Вчера я, Борис Пронин и рыжая Паллада были у Тихоновых. Мария Константиновна умница, а Николай мил и занимателен. Перед отъездом пойду еще раз слушать его стихи. Мы просидели всю ночь, Борис чудесно рассказал о Блоке — как они ездили на острова, наскребли денег и за три рубля Борис нанял Блоку лихача, усадил в санки Блока и Наталью Волохову, и они покатили. А через три дня Блок сказал Борису: «Вот я стихи написал:
Вновь оснеженные колонны,
Елагин мост и храп коня,
И голос женщины влюбленной...»
Мы ушли от Тихоновых в четыре часа утра. Побрели пешком, а у моста остановили пустой автобус, и он бешено помчал нас через мост. Мы трое вспоминали гумилевский «Сумасшедший трамвай»— 94 над Невой занималась розовая заря — узкой полоской на горизонте, и все было голубым и звонким — чистым.
Но Паллада, — увы, не колдунья. Нет. Приворожить она не сумеет, не сможет.

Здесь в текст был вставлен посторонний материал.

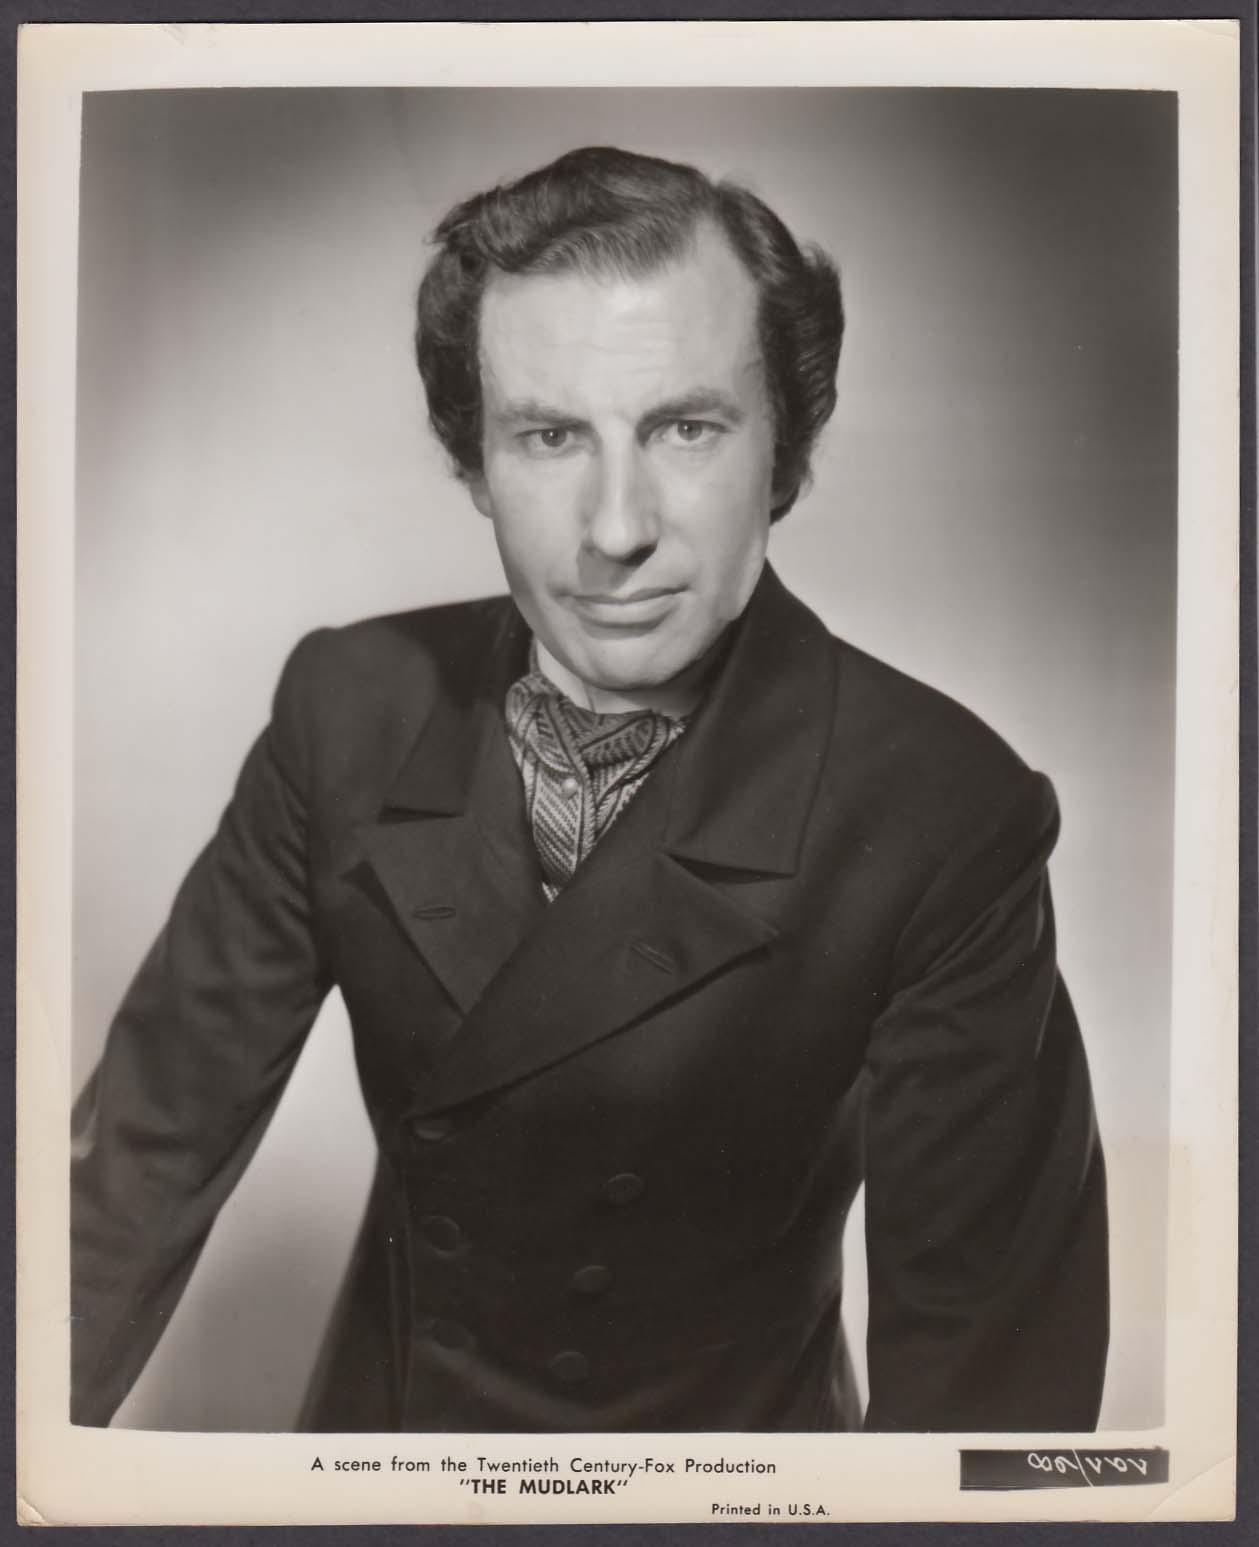 Ernest Clark as Hammond in The Mudlark 8x10 photo 1950

Позвонила Канину, позвала к писателям. Сказал: «Постараюсь...» Сухо...
Последние мои дни в Ленинграде. Публичная библиотека и обязательно — очень ранняя, часа в четыре утра — прогулка по Ленинграду — через Неву — мне хочется еще раз увидеть эту голубизну.
А в Москве — все придется начинать сначала!.. Заниматься с Куниным. Найти гитариста. Опять пытаться на радио! И вообще биться дальше, не успев окрепнуть. Ах, если бы я д в е недели попела в театре! Это была бы хорошая закваска... А то — так короток был этот тренаж...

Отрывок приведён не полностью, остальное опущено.